Then he met a young woman who knew what he’d been going through; she’d been on a similar journey. They circled each other warily for months, and finally decided to give dating a try. Slowly, cautiously, they built a steady relationship, not rushing, just putting out tentative feelers, seeing how this would go. And it turned out to be pretty good.
And just this year, the father said, the boy—now a 37-year old man—had accepted a full-time job at the print shop. For the first time, he had benefits. For the first time since his college life crashed around him, he was earning his own way.
The father leaned back in his chair and there was a deep and profound silence. Hands were still and eyes glistened.
And then the father continued.
“Sometimes things don’t work out the way we expect them to,” he said. “Things happen that you don’t ever see coming, and you just have to deal with that.

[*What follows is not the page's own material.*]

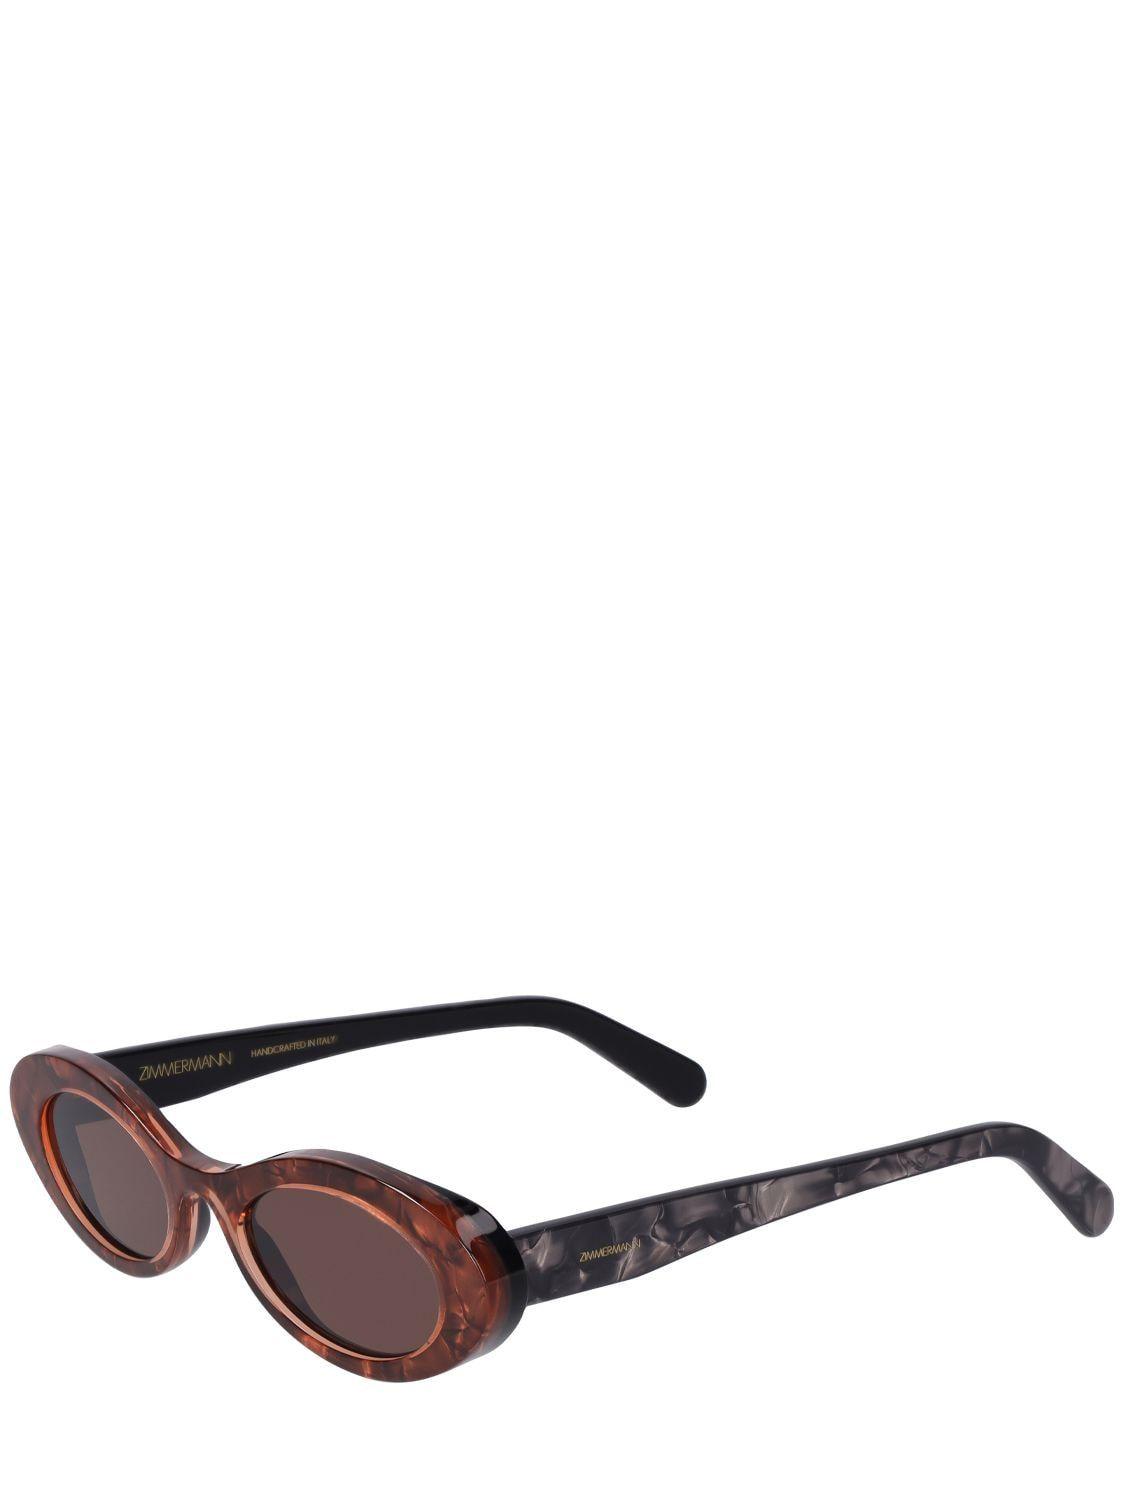 Zimmermann Prima Ellipse Oval Acetate Sunglasses in Brown | Lyst

And it’s not the way you expected things to work out.
“But,” he said, and his voice crackled, “they do work out. You have to hang in there. You might not get what you expected, but what you get can be pretty damned good.”
A flat tire.
A lost phone.
A dirty floor.
An ice storm in the night.
A man who thought his life was going to look one way, but whose life, because of mental illness, and because he persevered, and because people cared and helped him, looked very different indeed.
A chance to gain perspective on a week that, though unexpected, wasn’t really a bad week at all.